If a new syndrome or new technique appears in the literature, Dr. DiSogra may give the junior audiologist a homework assignment.

“How about on Friday we get together for lunch, and you let me know what you learned?” he will suggest. Next, the new hire might be asked to come back and present his or her findings to the entire staff, almost like grand rounds.

All of the professionals who spoke with The Hearing Journal also said that they regularly pay for their staff members, including audiologists and administrators, to attend continuing education meetings.

Dr. Citron's audiologists go to at least one major conference a year, as well as regional meetings.

Dr. DiSogra closes his office for a day or two and sends his administrative staff to coding and billing workshops, such as the boot camps run by Kim Cavitt, AuD.

“The practice has no income for two days, but we earn it back in the long run with claims that are processed more expeditiously and accurately,” he said.

THE RETENTION EQUATION

Once staff members have been hired and trained, what strategies will help keep them on board?

Salary and benefits are certainly part of the equation.

“We're very generous in many ways to our staff,” Dr. Citron said. “We pay for their full health insurance, and we contribute to a 401(k) plan as well as Aflac, where they can choose whether they want disability/accident coverage.”

He also offers flexible hours to honor his staff's family commitments.

“If we know the school bus arrives at “x” time, we flex their hours accordingly so that they can juggle those balls effectively.”

Dr. DiSogra also noted the importance of flexibility.

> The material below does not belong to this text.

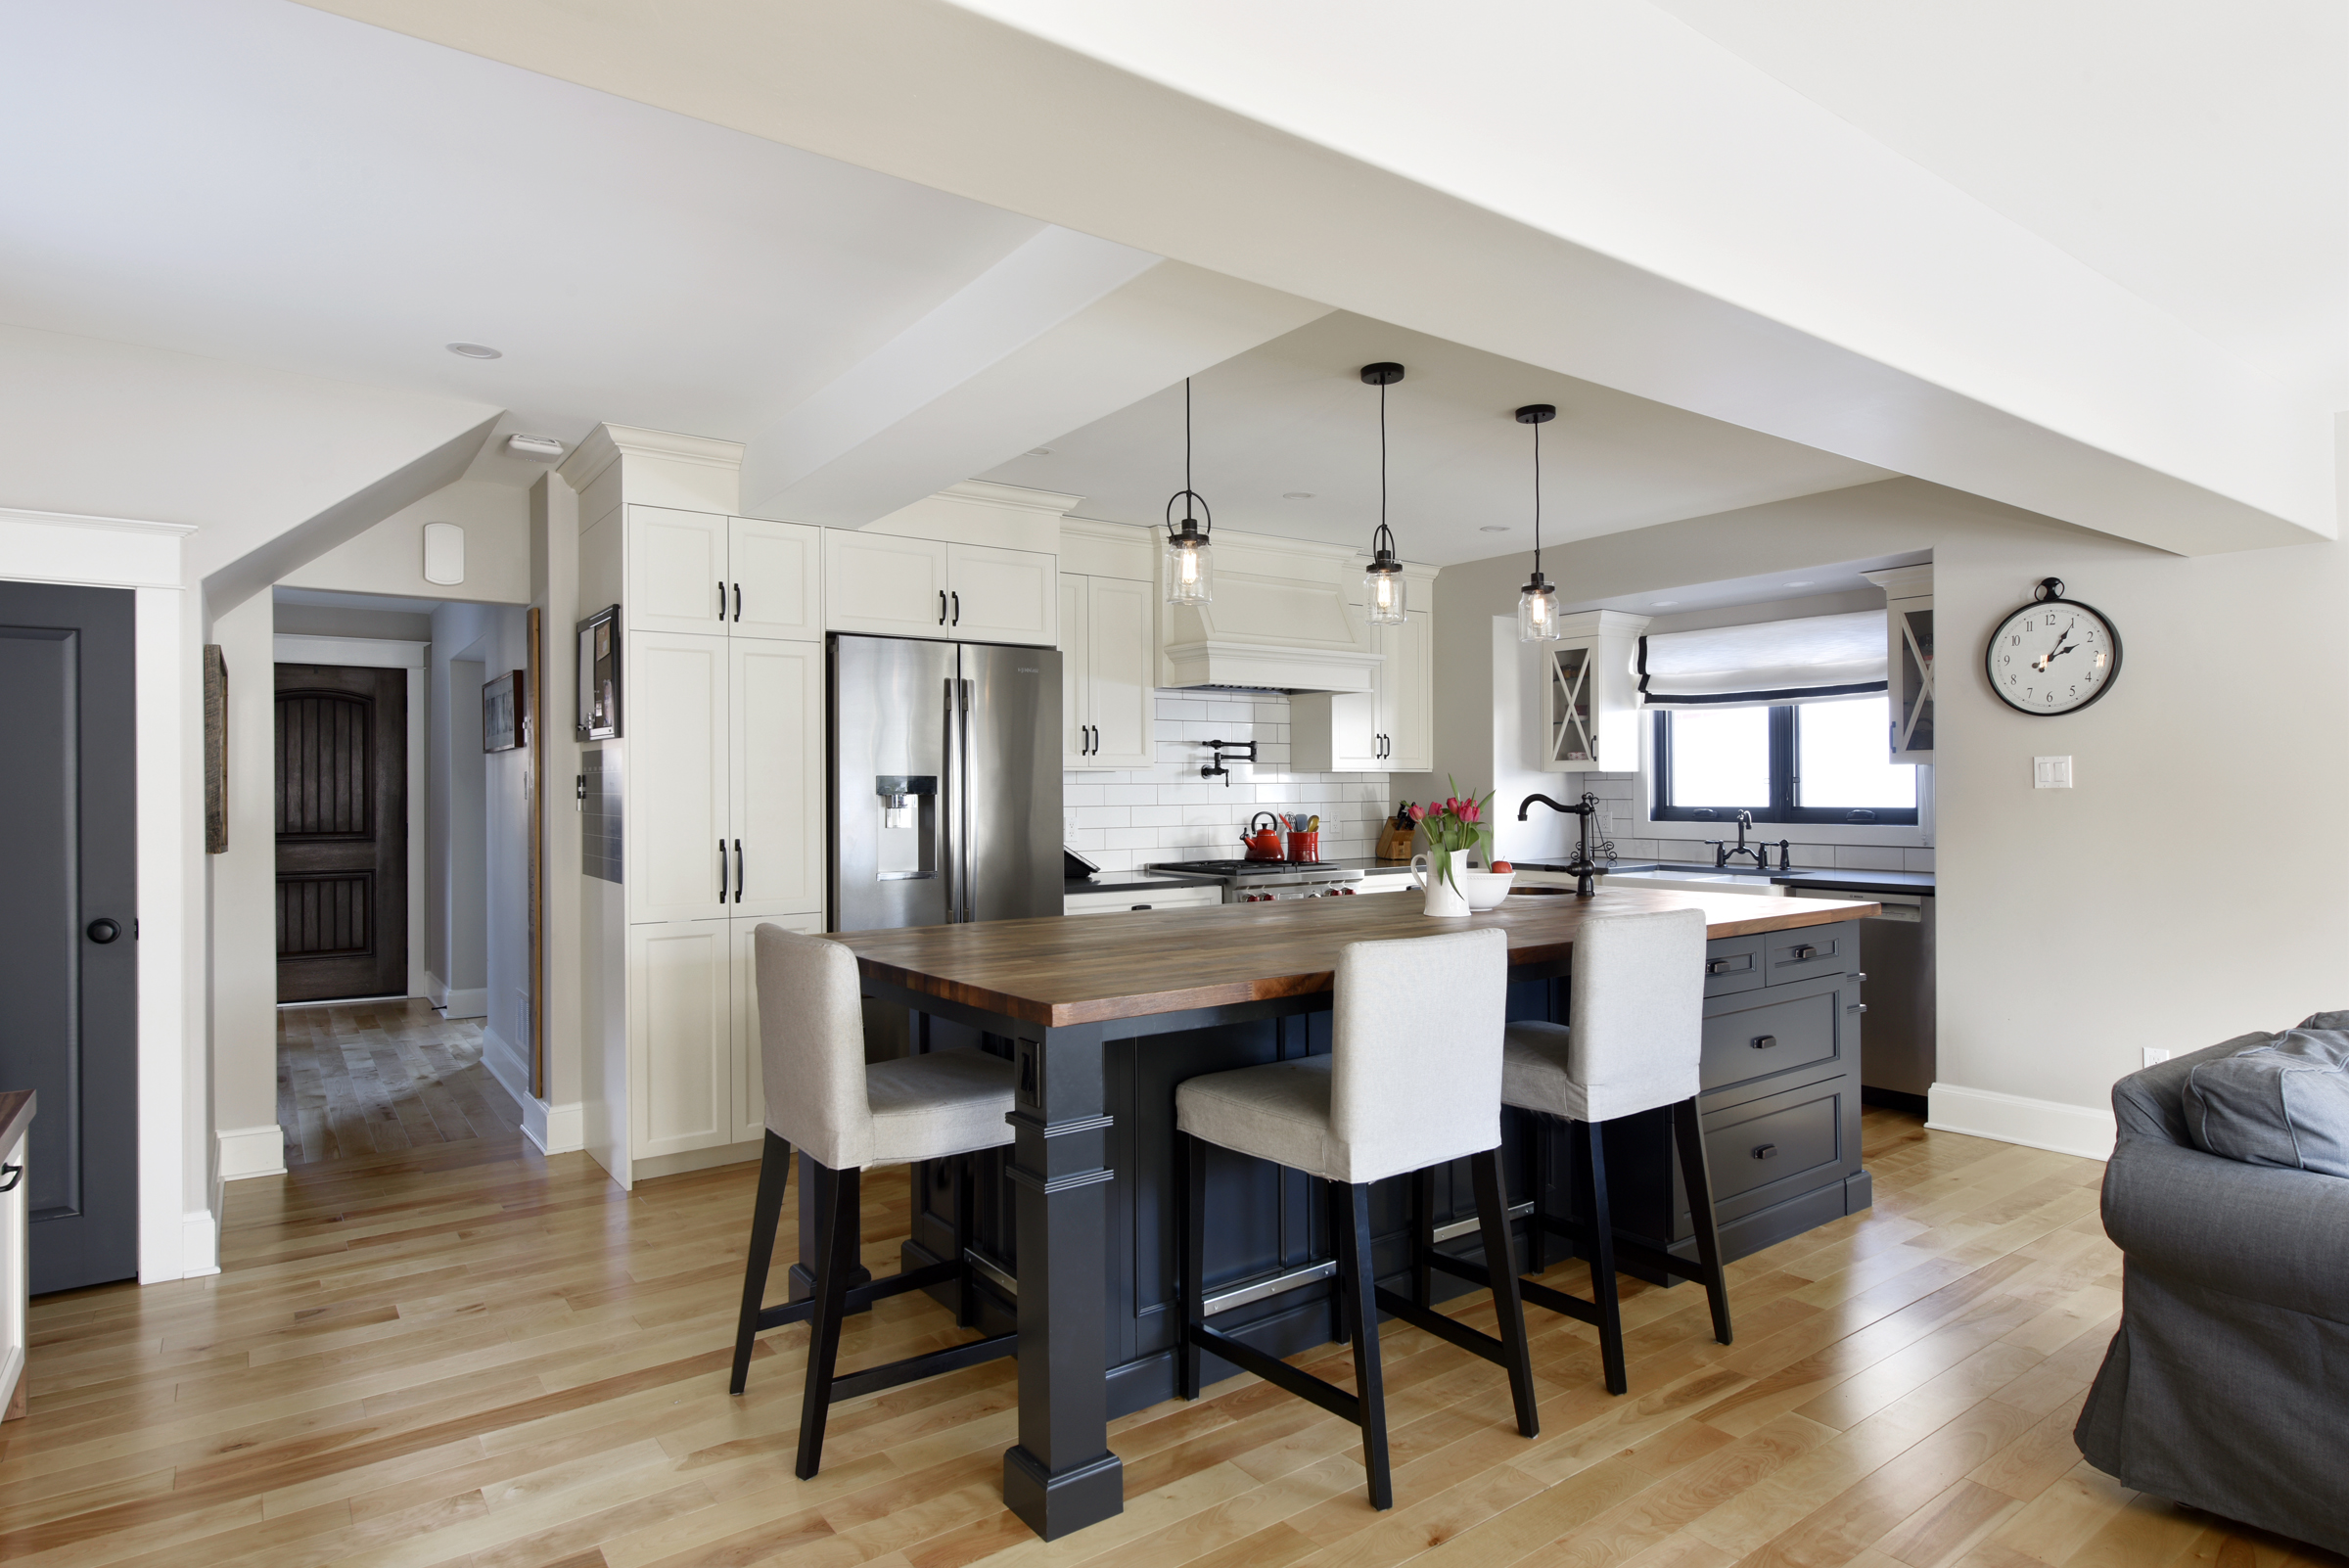 Amsted Design-Build, Ottawa, ON: "Personalized Planning In The Kitchen

“If we're running early on a particular day, I won't make everybody stay until 5,” he said. “I treat my staff the way I like to be treated, and I think that comes back in the type of work they put in.”

Every audiologist interviewed stressed the importance of holding regular staff meetings, encouraging communication, and fostering a sense of empowerment. The specific schedule of meetings, they said, is less important than the fact that the meetings happen and that all in the office feel that they can speak up.

“All of our staff members are empowered to make patient-service decisions without having to come to me,” Dr. Citron said. “If you're walking around here, very seldom would you hear, ‘Well, I have to check with Dr. Citron.’”

“For example, we had a patient who had an above-average amount of repairs needed for hearing aids. That patient had to travel a ways to come here, so all the repairs were an inconvenience to them.

“The audiologist worked with the manufacturer to have the hearing aid repaired again and had the warranty extended by an additional year. He also gave the patient an American Express gift card on behalf of the practice as an apology for the inconvenience.

“He did that on his own without asking. That's the real ‘plus one’ you're looking for from employees, and what you should be encouraging.”

Figure. David
Figure. David:
Citron III, PhD

The investment in a good staff pays off many times over, Dr. Landau Goodman said.

“I recently heard from a patient of mine who is himself a physician, with a big practice in Philadelphia. He told me, ‘I wish I could bring my office staff in to train with yours. They're friendly; they're efficient; they get you in right away; they call to confirm—whatever you need, they work it out somehow.’

“We get a lot of compliments like that because, from the top down, our philosophy is not only to make you hear better, but to make it a wonderful experience.”